[Start of section]

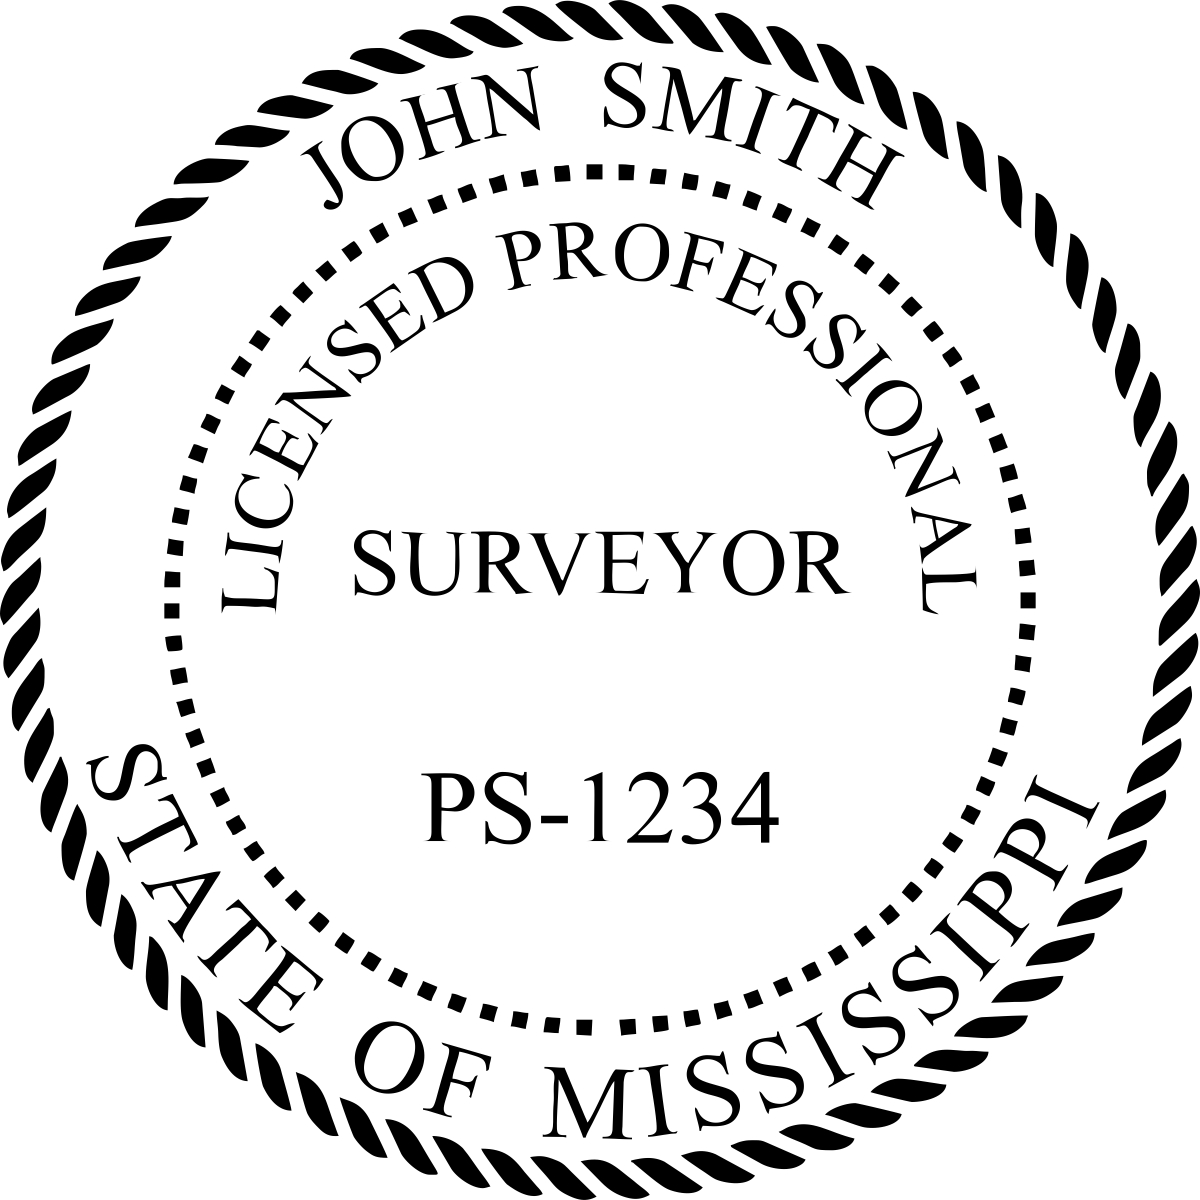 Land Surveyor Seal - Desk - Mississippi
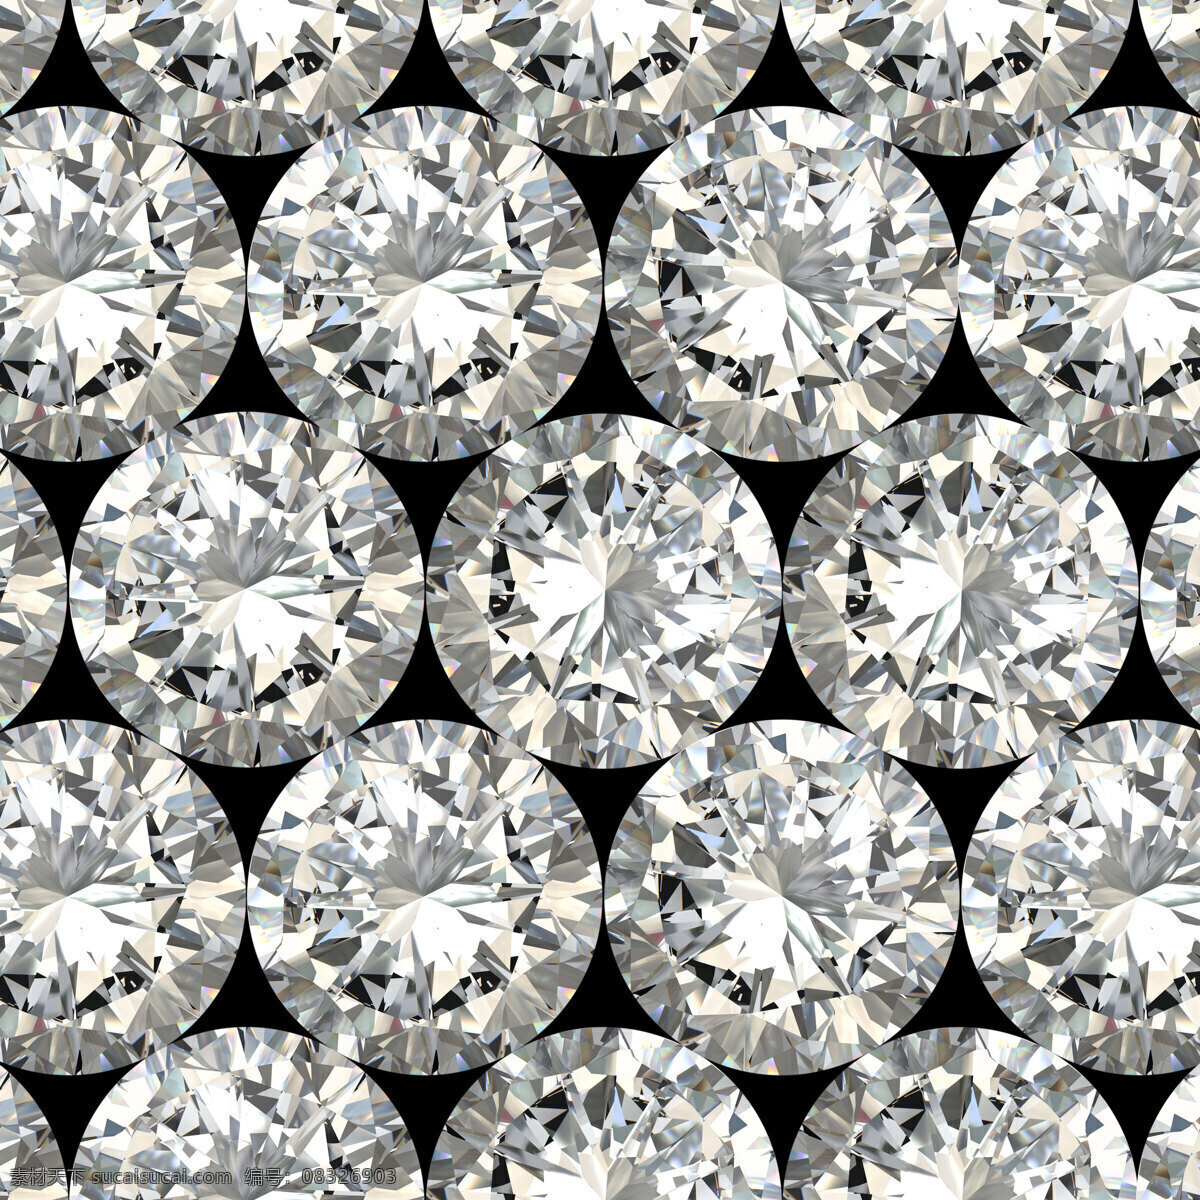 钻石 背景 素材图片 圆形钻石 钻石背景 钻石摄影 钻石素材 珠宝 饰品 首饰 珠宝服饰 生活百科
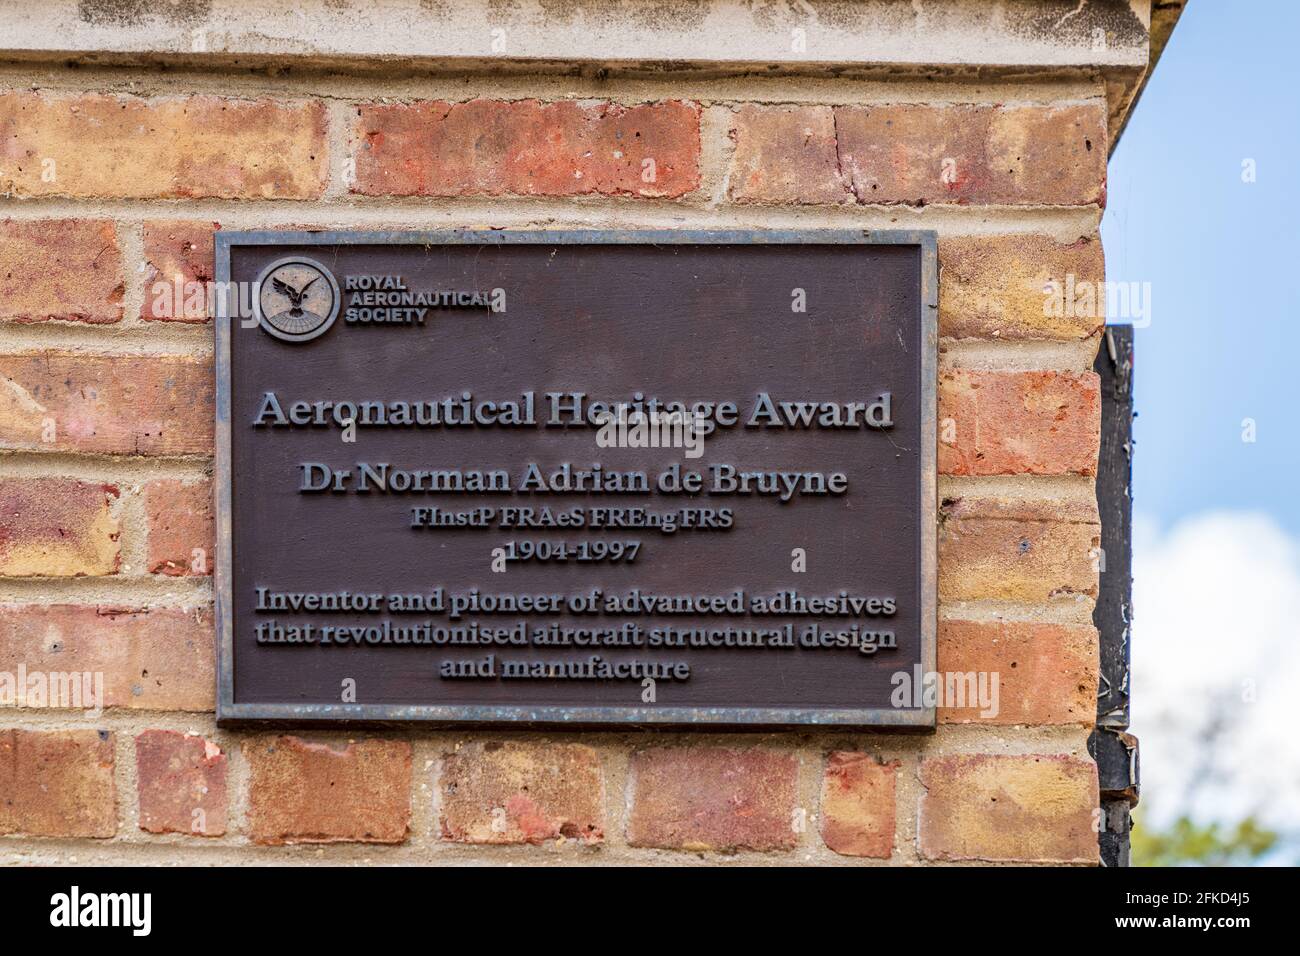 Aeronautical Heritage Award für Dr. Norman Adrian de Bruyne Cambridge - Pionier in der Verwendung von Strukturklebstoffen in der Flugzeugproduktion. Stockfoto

[End of section]

• _Aim of the task_: Locate the line containing "钻石 背景 素材图片 圆形钻石" in the material above, then repeat it and every later line exactly, with no pictures.

• _Your solution_:
 钻石 背景 素材图片 圆形钻石 钻石背景 钻石摄影 钻石素材 珠宝 饰品 首饰 珠宝服饰 生活百科
 Aeronautical Heritage Award für Dr. Norman Adrian de Bruyne Cambridge - Pionier in der Verwendung von Strukturklebstoffen in der Flugzeugproduktion. Stockfoto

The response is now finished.